Kamis, 10 Mei 2012

Hukum merujuk dengan isyarat

Soal : Seorang lelaki telah menceraikan isterinya dengan tolak satu atau dua, ketika sang isteri masih didalam `iddah, maka datanglah mantan suami kepadanya karena ingin bertamattu` ( bersenang-senang seperti layaknya suami isteri ), kemudian  Isteri berkata : Kita rujuk kembali?, suami tidak menjawab tetapi hanya menggelengkan kepala pertanda setuju, maka mereka pun mengadakan hubungan suami isteri, setelah itu orang-orang bertanya kepada suaminya, apakah mereka telah berujuk semula? tetapi sang suami tidak membenarkan adanya rujuk semula.


Bagaimana hukum hubungan intim yang mereka lakukan?
Apakah sah rujuk antara suami dan isteri tersebut?
Hukum apa yang berlaku setelah hubungan tersebut?

Jawab : Merujuk tali pernikahan merupakan hak suami sama ada istri setuju atau tidak, tetapi dengan bebarapa syarat  :

1 - Jika talak yang di jatuhkan suami talak Raj`i ( yaitu tolak satu atau dua kali ), jika talak tiga maka bekas suami tidak bisa merujuk kembali kecuali dengan cara sang bekas istri berkawin dengan lelaki yang lain, kemudian setelah di setubuhi dengan sah maka suami yang kedua menceraikannya, maka mantan suami yang pertama bisa menikahkannya semula dengan mahar dan akad yang baru.

2 - Jika suami sudah pernah menyetubuhi sang isteri, jika belum pernah menyetubuhinya, maka sang suami tidak berhak merujuk istri yang di ceraikan, akan tetapi jika ingin kembali mesti dengan mahar dan akad baru dan dengan kerelaan mantan istri.

3 - Sang istri masih didalam keadaan `iddah, jika masa `iddah sudah habis maka mantan suami bisa menikahkannya kembali dengan mahar dan akab baru atas kerelaan mantan isteri.

4 - Merujuk isteri dengan lafaz yang nyata untuk merujuknya, atau dengan lafaz kinayah yang memerlukan niat merujuk didalam hati, adapun lafanya adalah :

a - Aku rujuk kamu kepadaku.
b - Aku rujuk kamu kembali.
c - Aku kembalikan kamu didalam ikatan pernikahanku.

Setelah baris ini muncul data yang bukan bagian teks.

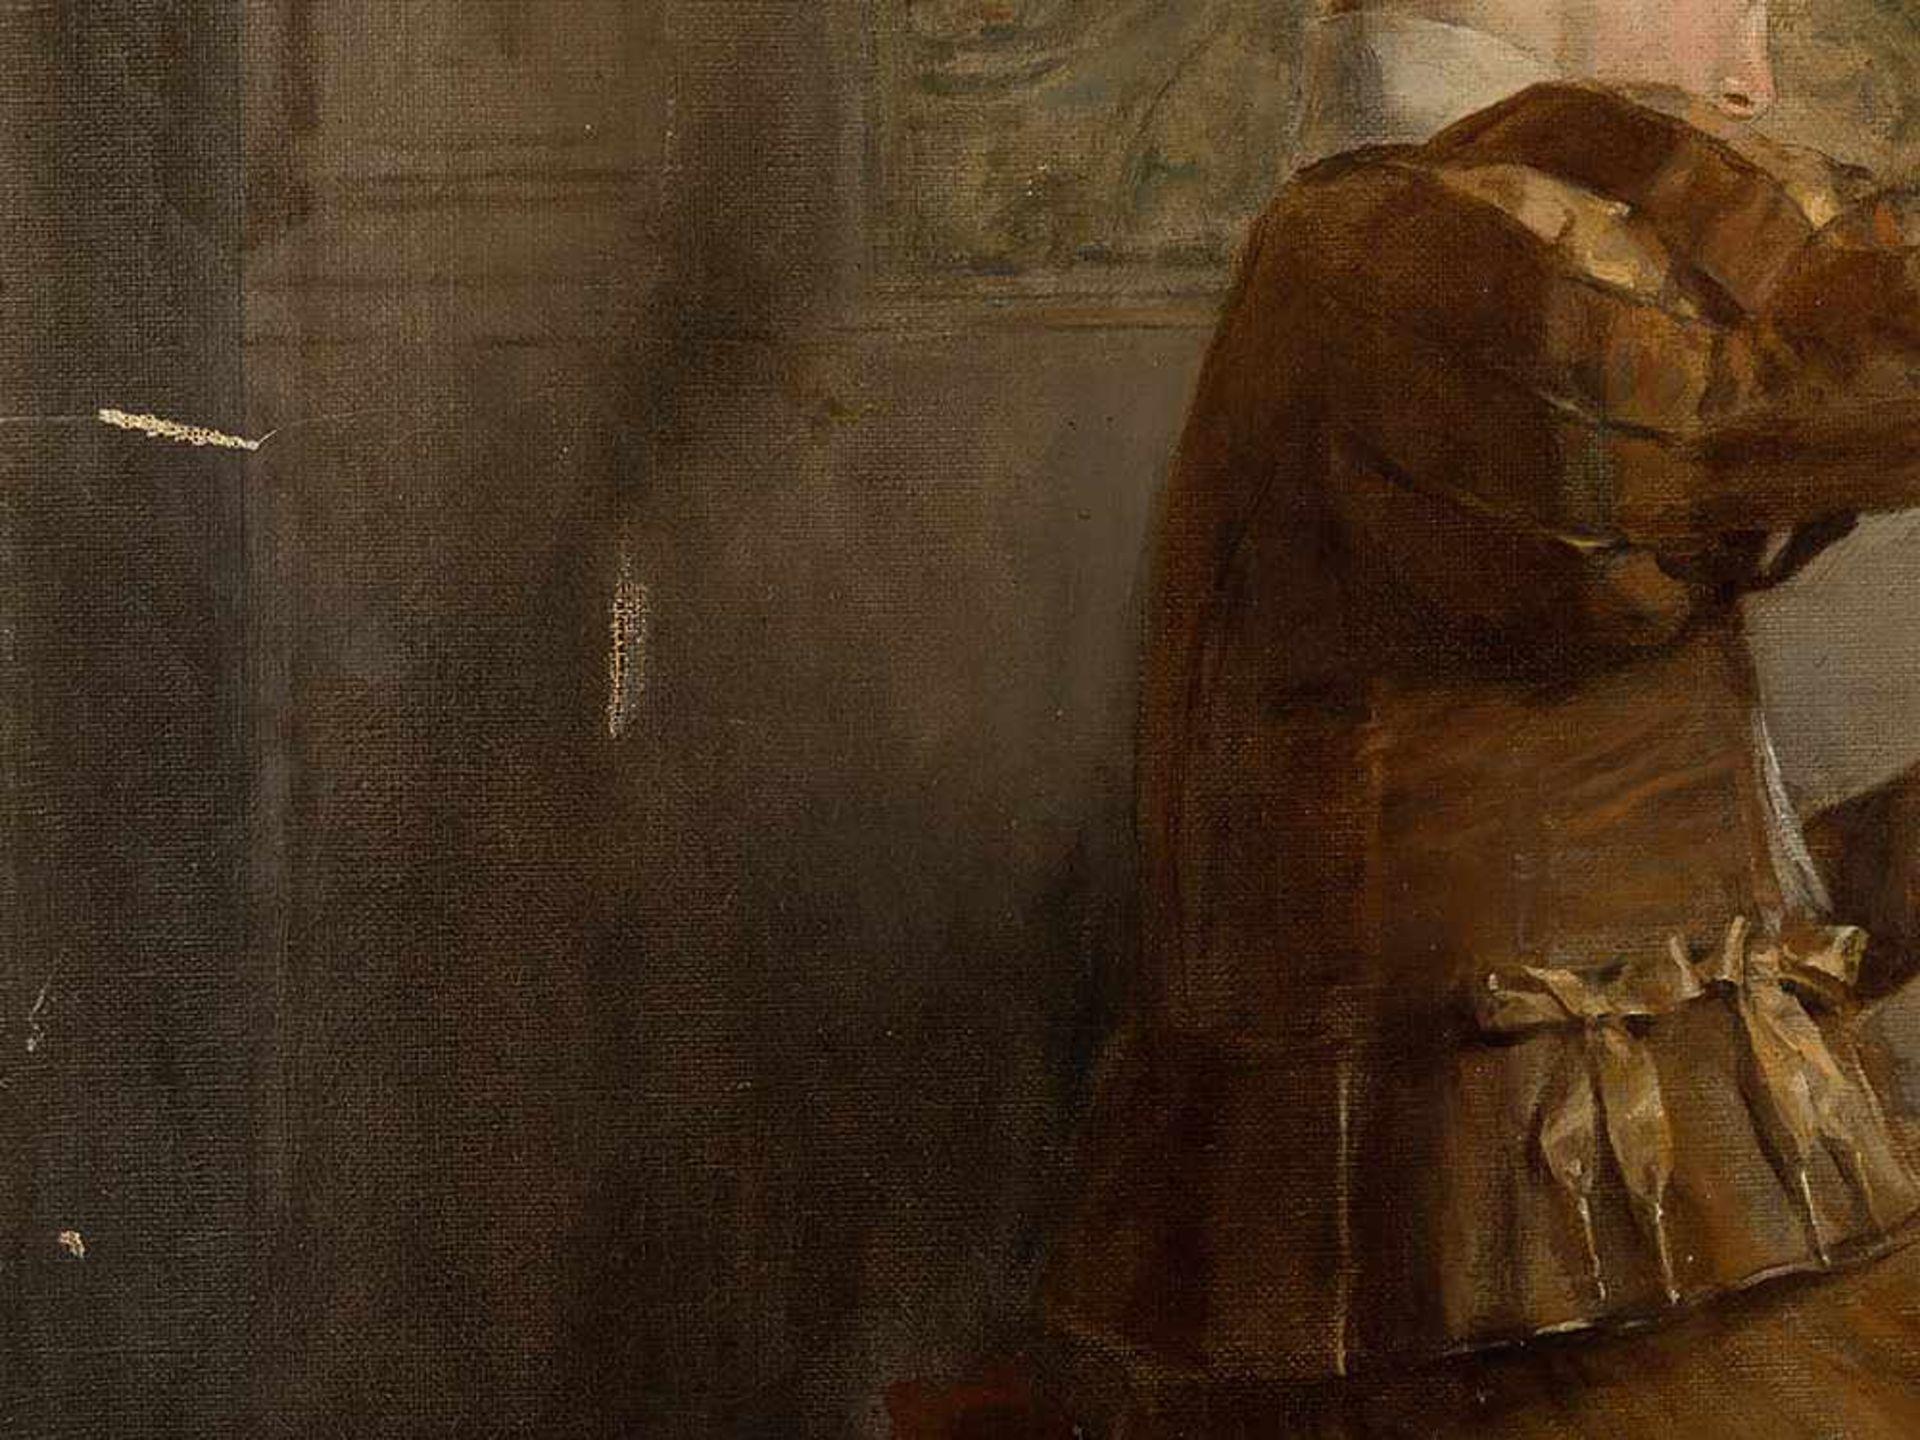 Los 69 - Roman Ribera Cirera (1849-1935), Kartenspieler, Öl, um 1890 Öl auf Leinwand. Spanien, um 1890.

Di syaratkan bagi orang yang merujuk isteri sebagaimana syarat didalam nikah :

a - Baligh.
b - Berakal.
c - Tidak ada unsur keterpaksaan.
d - Tidak dalam keadaan murtad ( wal `iyadzubillah ).

Tidak di syaratkan didalam merujuk adanya saksi, tetapi hanya disunnahkan saja.

Di syaratkan bagi suami yang tidak bisu untuk melafazkan kata-kata rujuk, jika hanya di isyaratkan saja tanpa di ucapkan maka rujuk tidak sah, walaupun sang isteri mengucapkan kalimat rujuk dan sang suami mengangguk kepala pertanda setuju maka rujuk tidak sah sebab rujuk adalah hak suami, dan suamilah yang mesti mengucapkannya dengan lafaz yang pasti dan jelas.

Jika sang suami bisu maka cukup dengan isyarat yang di pahami saja, setelah itu rujuk pun sah diantara mereka.

Jika terjadi persetubuhan setelah rujuk yang tidak sah, maka hubungan tersebut di anggap haram dan tidak di kenakan huku hudud, karena permasalahan ini dianggap khilafiyah, sebab menurut mazhab Hanafi terjadinya persetubuhan antara suami isteri tanpa ucapan rujuk sudah dianggap rujuk, dan suami isteri tersebut bisa kembali bersama, tetapi didalam mazhab Syafi`i persetubuhan bukan merupakan alat untuk merujuk isteri, bahkan didalam pandangan jamhur ulama persetubuhan yang tidak di lafazkan dengan lafaz rujuk merupakn dosa besar, maka bagi sang suami yang telah melaksanakan hubungan badan dengan rujukkan yang tidak sah atau tanpa lafaz rujuk mesti membayar mahar mitsil kepada isteri dan bertobat kepada Allah, sementara isteri memulai `iddahnya yang baru di hiung setelah terjadinya persetubuhan . Wallahu A`lam.


Rujukkan :

1 - Mughni Muhtaj : 3 / 439 , karangan Muhammad Bin Khatib As-Syarbaini, terbitan Darul Makrifah Bairut, cet keempat 1431-2010.

2 - I`anatut Thalibiin : 4 / 34, Karangan Sayyid Al-Bakri Syatha Ad-Dimyati,terbitan Dar Al-Fikr thn 2005.